The prospect of going gluten free can be daunting for many people that have been diagnosed with Celiac’s Disease or gluten intolerance/allergies. I would know – I haven’t eaten wheat, spelt, rye or barley for the last 15 years! Being 10 years old and being told you can’t eat your favourite pancakes on a Sunday morning isn’t ideal.
Luckily, there are many solutions now for people transitioning to a gluten free diet. There are still, however, some must knows and essentials to look out for in your transition to a full non-gluten-eater.
1. Start finding (and eating) naturally gluten free foods
While it may come as a surprise to some, there are thousands of foods that are naturally free from gluten. Fresh fruit and vegetables, meat, fish, poultry, cheese and eggs are all naturally gluten free. Beyond this, there are many grains and cereals that you can turn to, including quinoa, teff, buckwheat, polenta, corn and of course rice. You can get a full list of all the gluten free grains here.
Importantly, make sure you’re checking labels to ensure that the grains you are buying are uncontaminated (particularly if you are Celiac). Try to start using different types of flours and substituting wheat for any number or combination of gluten free flours.
2. Start experimenting in the kitchen
It’s important that when you go gluten free, you find foods that you will enjoy eating. It’s critical (as mentioned above) to start experimenting with new flours so that you can whip up your favourite cakes, sweets and breads. Buckwheat makes an excellent substitute for flour in bread, as evidenced in this simple activated buckwheat bread.
3. Do your best to not get “Glutenised”
Getting “Glutenised” – as I call it – is at times unavoidable. Unfortunately, particularly for Celiac’s who have to face the long term repercussions from Glutenisation, restaurants and friends often make the mistake of cross contaminating food with wheat-filled food. When eating out or at a friend’s house, make your level of allergy/intolerance clear to the person cooking the meal.

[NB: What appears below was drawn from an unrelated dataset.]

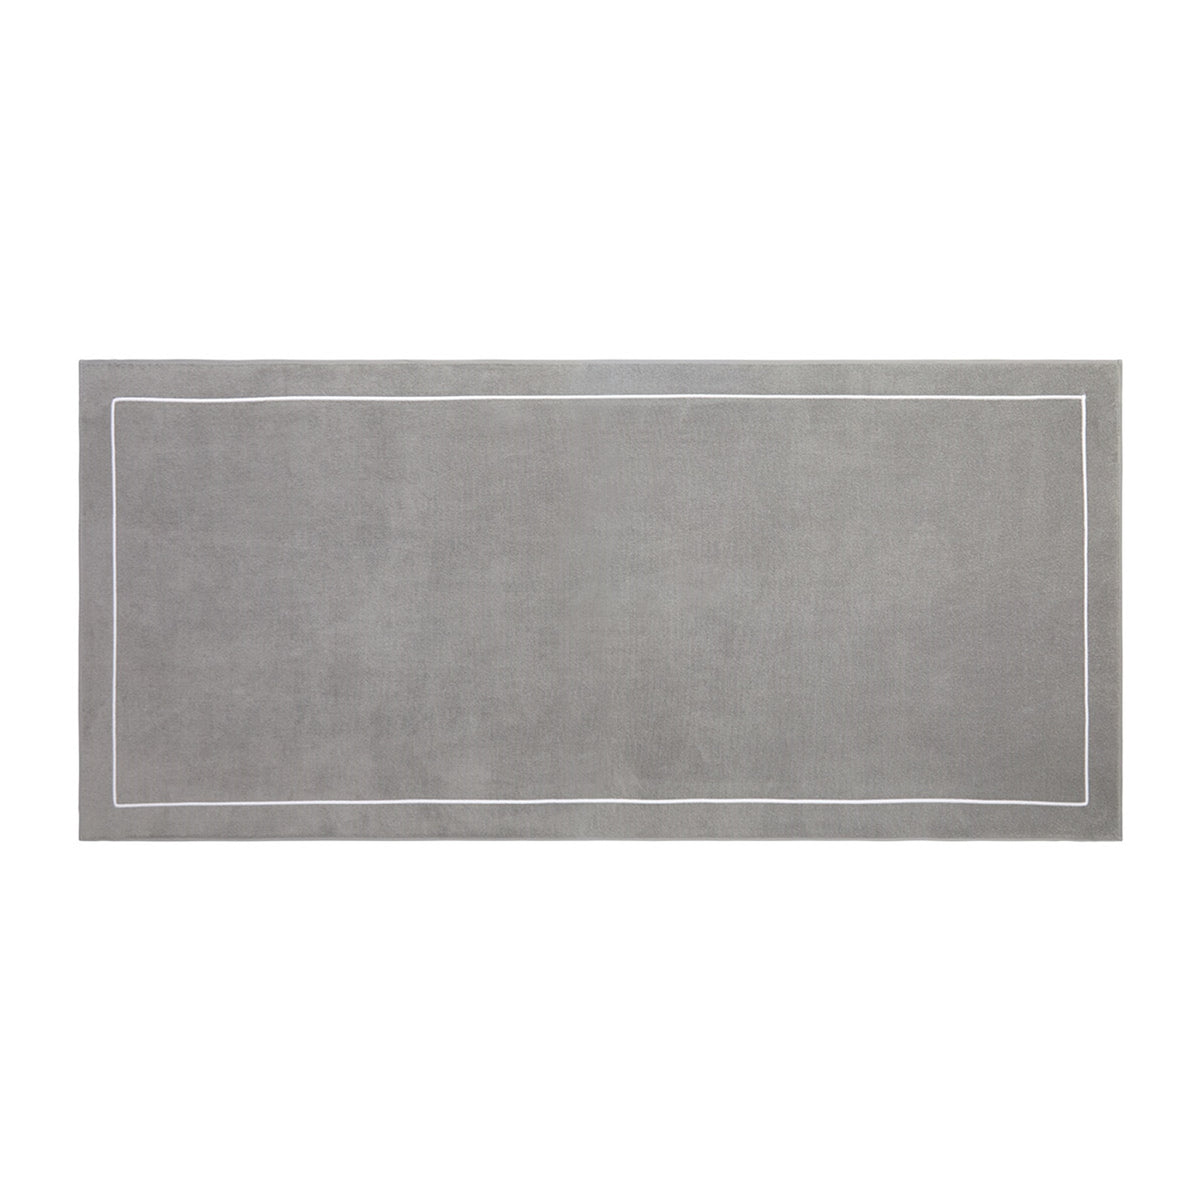 Clear Image of Yves Delorme Croisiere Beach Towels Platine

If you cannot have any wheat close to your food, make sure you select restaurants that cater to that or bring some extra food to a friend’s house. It’s embarrassing at first, but it might save you!

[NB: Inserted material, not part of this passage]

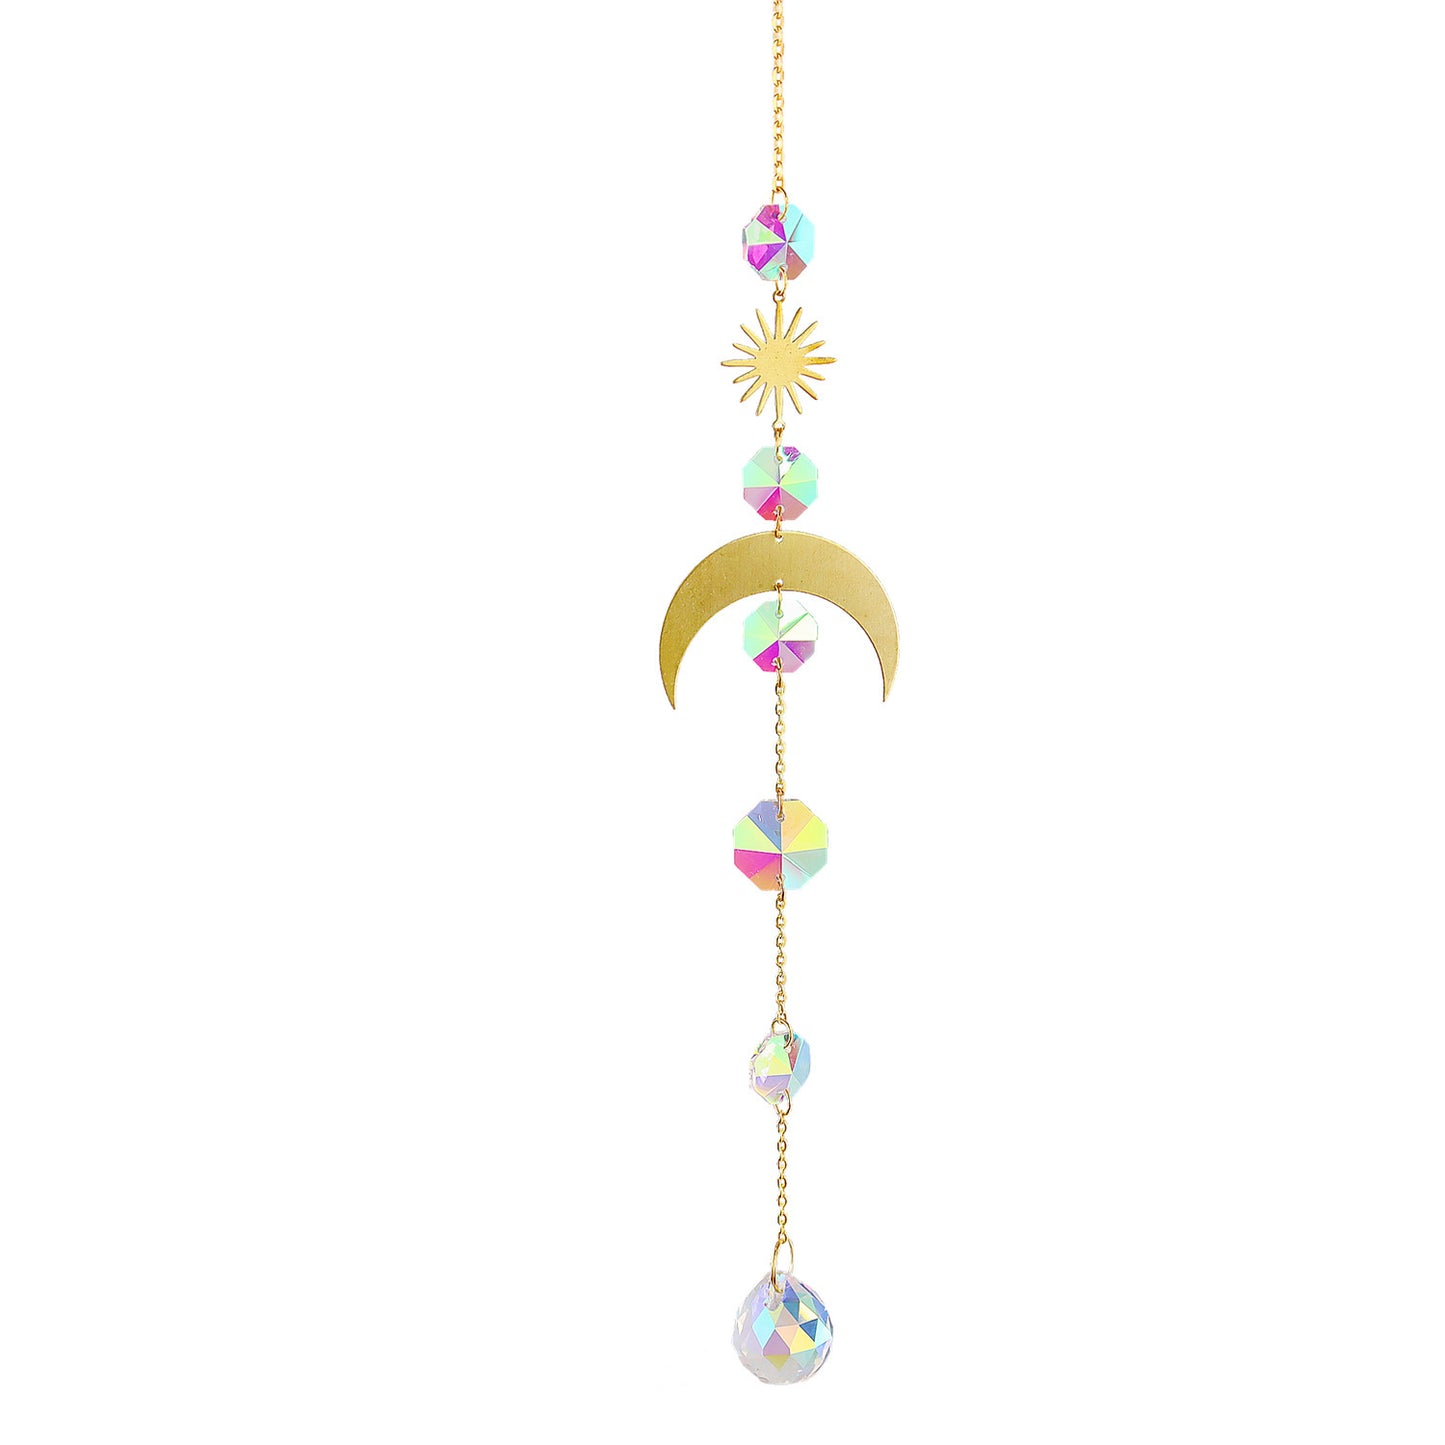 K9 Aura Crystal Hanger  Crescent  Moon with 5 Stars & Sun Brass Color  - Long inch - China - NEW911

4. Find your favorite gluten free substitutes
When you’re first diagnosed, it’s great to go on a spree to find what you enjoy eating the most. Experiment with foods at the supermarket and find out what brands you like and where you can buy them.
Just because you’re eating gluten free it doesn’t mean you are eating healthily. Make sure you’re checking sugar contents and ingredients in your snacks. Often (particularly gluten free breads) can be filled with additives, preservatives and bad stuff. It’s often best to make your own. If you’re after unhealthy stuff (for example a gluten free cherry pie) I would advise making it at home!
5. Get used to reading labels on food and know what you’re looking for
This is the most important point of the five. Read labels. Gluten free products often sneak bad additives and low quality ingredients in order to drive down the cost of more expensive gluten free ingredients. Treat your body well by reading labels, buying fresh and organic where possible and ensuring that you don’t get Glutenised. Be prepared to spend a little bit more on high-quality gluten free products or start making food at home.